EXERCISE DATA START
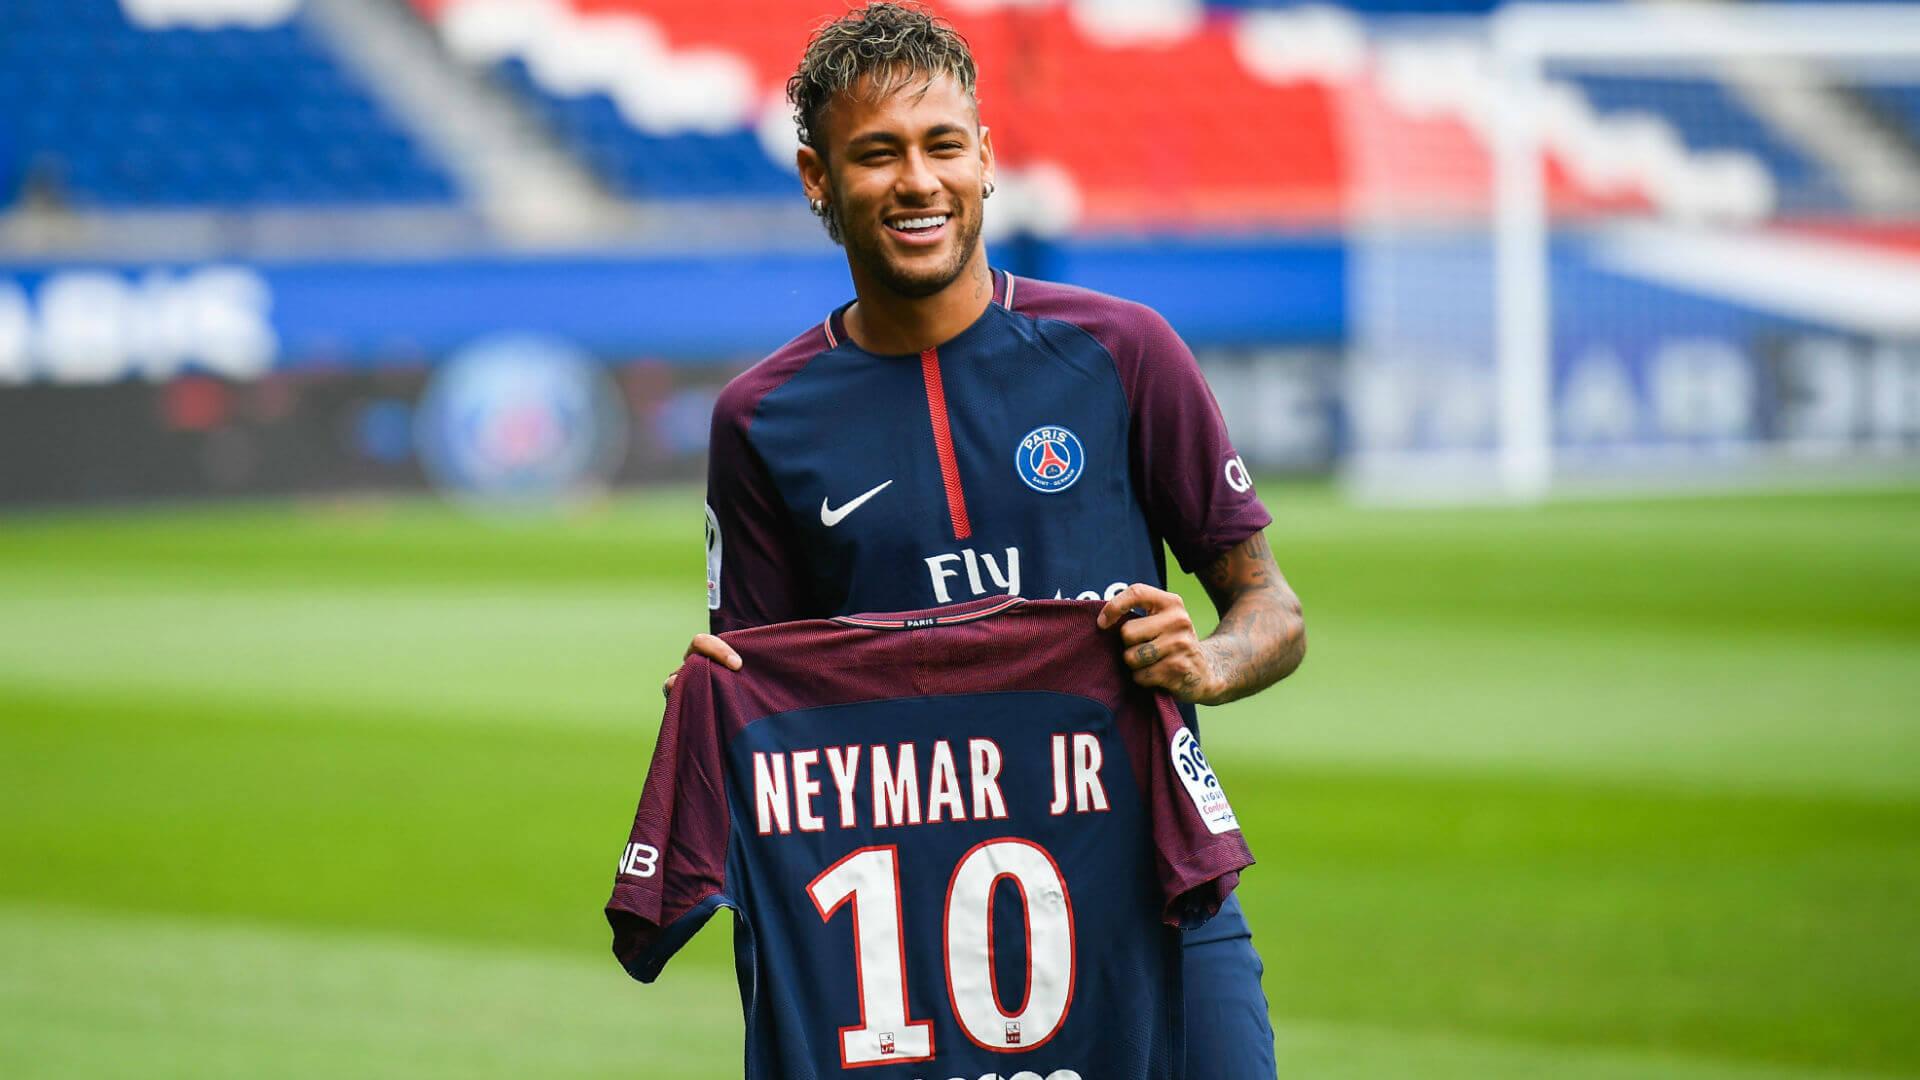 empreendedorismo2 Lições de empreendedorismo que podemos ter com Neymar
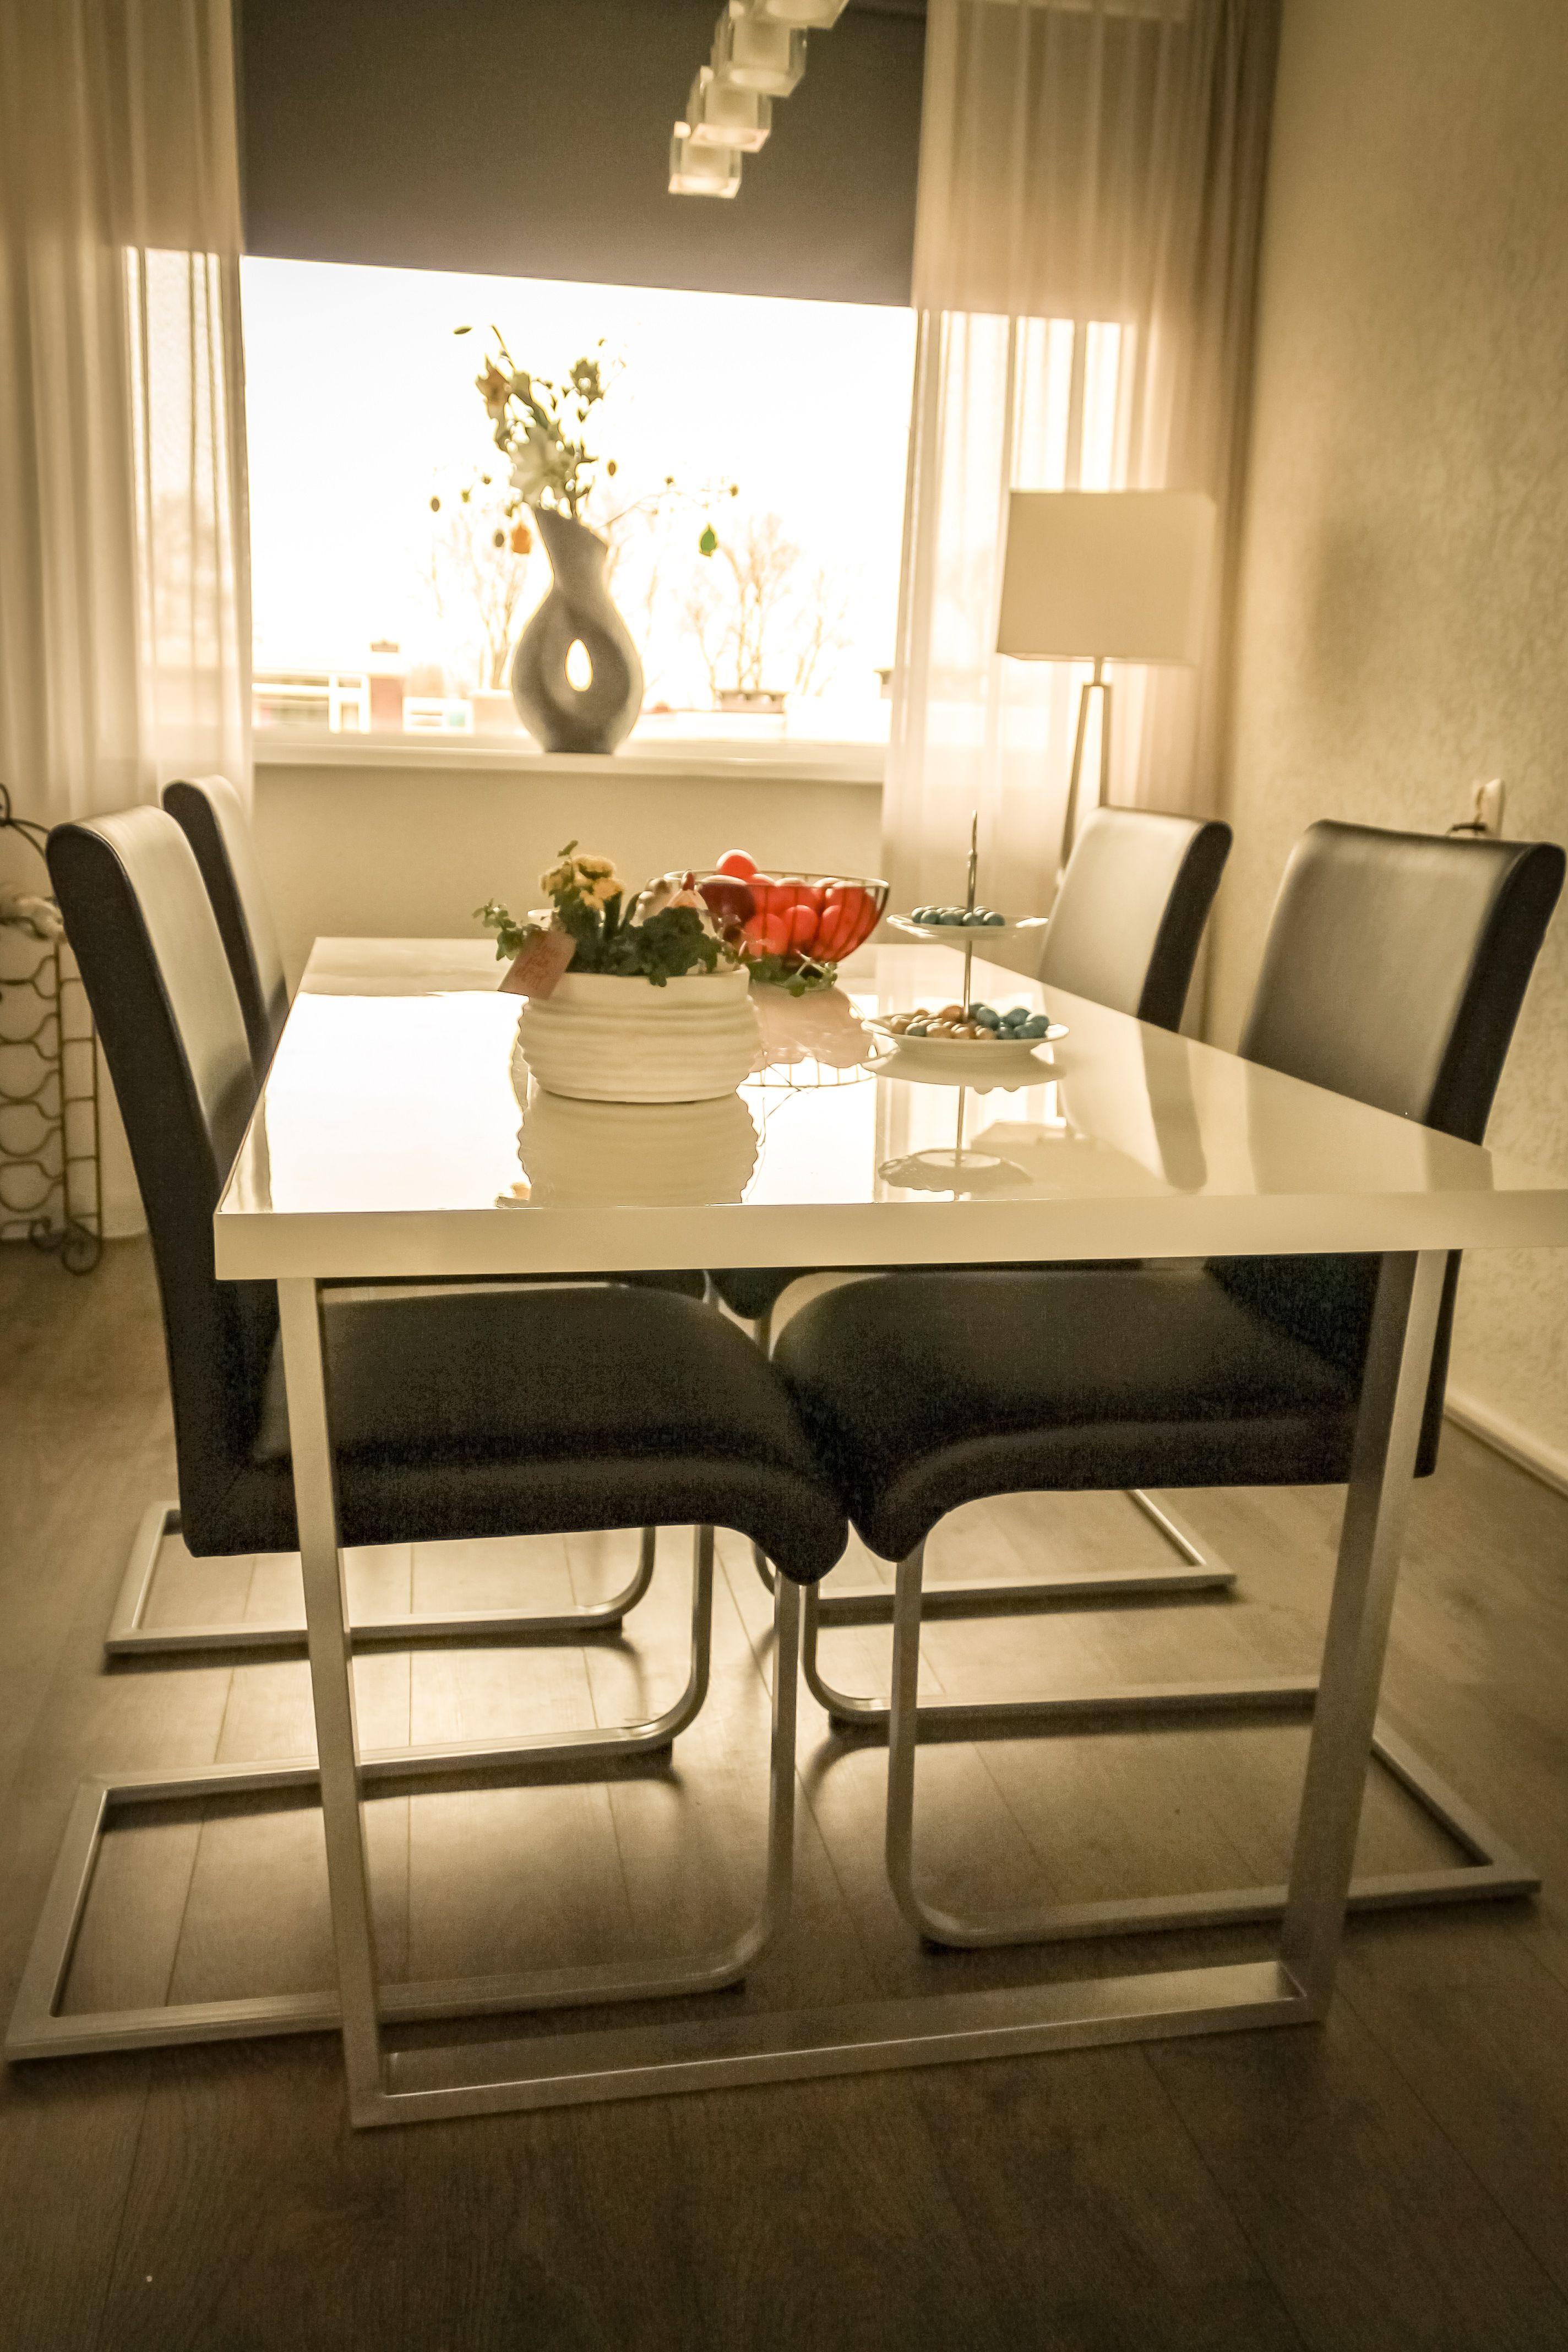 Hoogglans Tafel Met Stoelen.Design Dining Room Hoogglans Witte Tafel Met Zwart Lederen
EXERCISE DATA END
EXERCISE DATA START
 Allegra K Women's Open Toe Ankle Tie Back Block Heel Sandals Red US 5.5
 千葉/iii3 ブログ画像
EXERCISE DATA END
EXERCISE DATA START
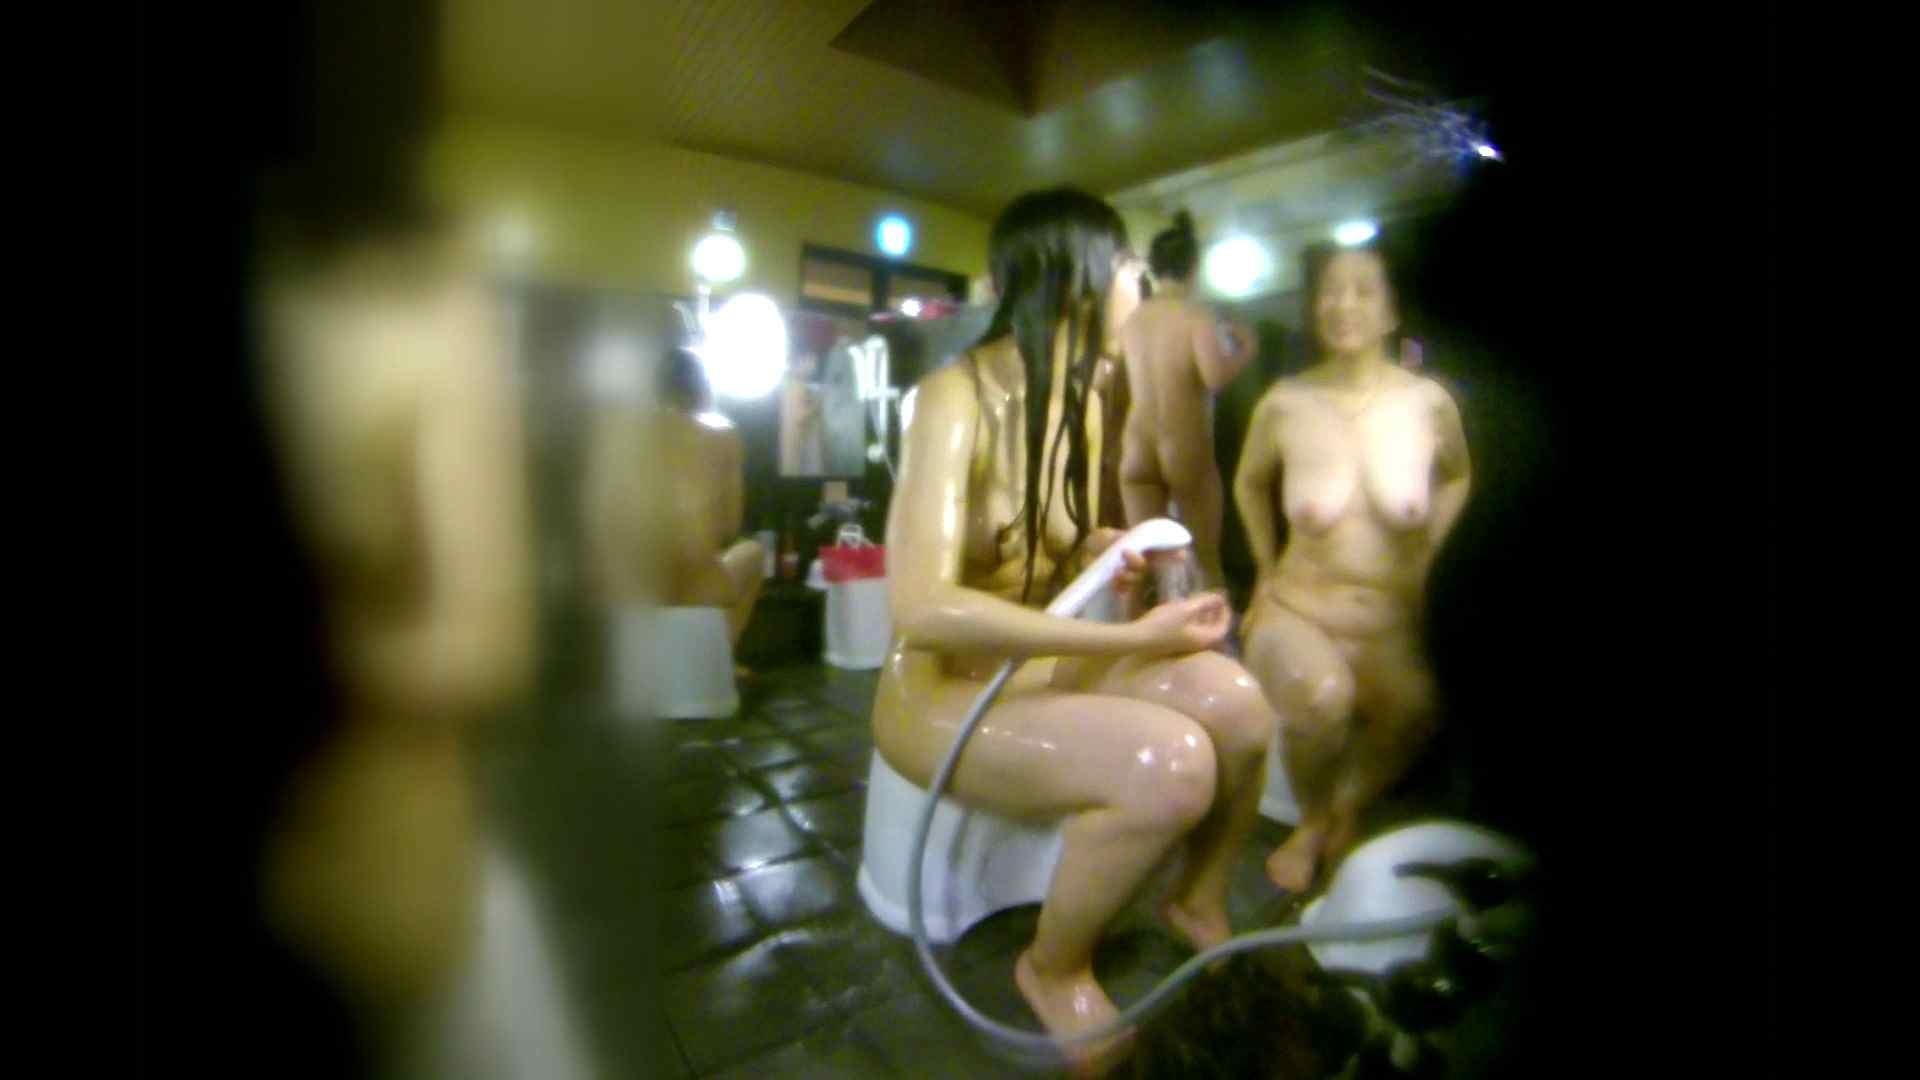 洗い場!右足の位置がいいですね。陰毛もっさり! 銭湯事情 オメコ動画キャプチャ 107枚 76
EXERCISE DATA END
TASK DIRECTIONS
While skipping the pictures, transcribe the data above from the line showing "empreendedorismo2 Lições de" through the line showing "Hoogglans Tafel Met", exactly and with both ends.

EXERCISE RESULT
 empreendedorismo2 Lições de empreendedorismo que podemos ter com Neymar
 Hoogglans Tafel Met Stoelen.Design Dining Room Hoogglans Witte Tafel Met Zwart Lederen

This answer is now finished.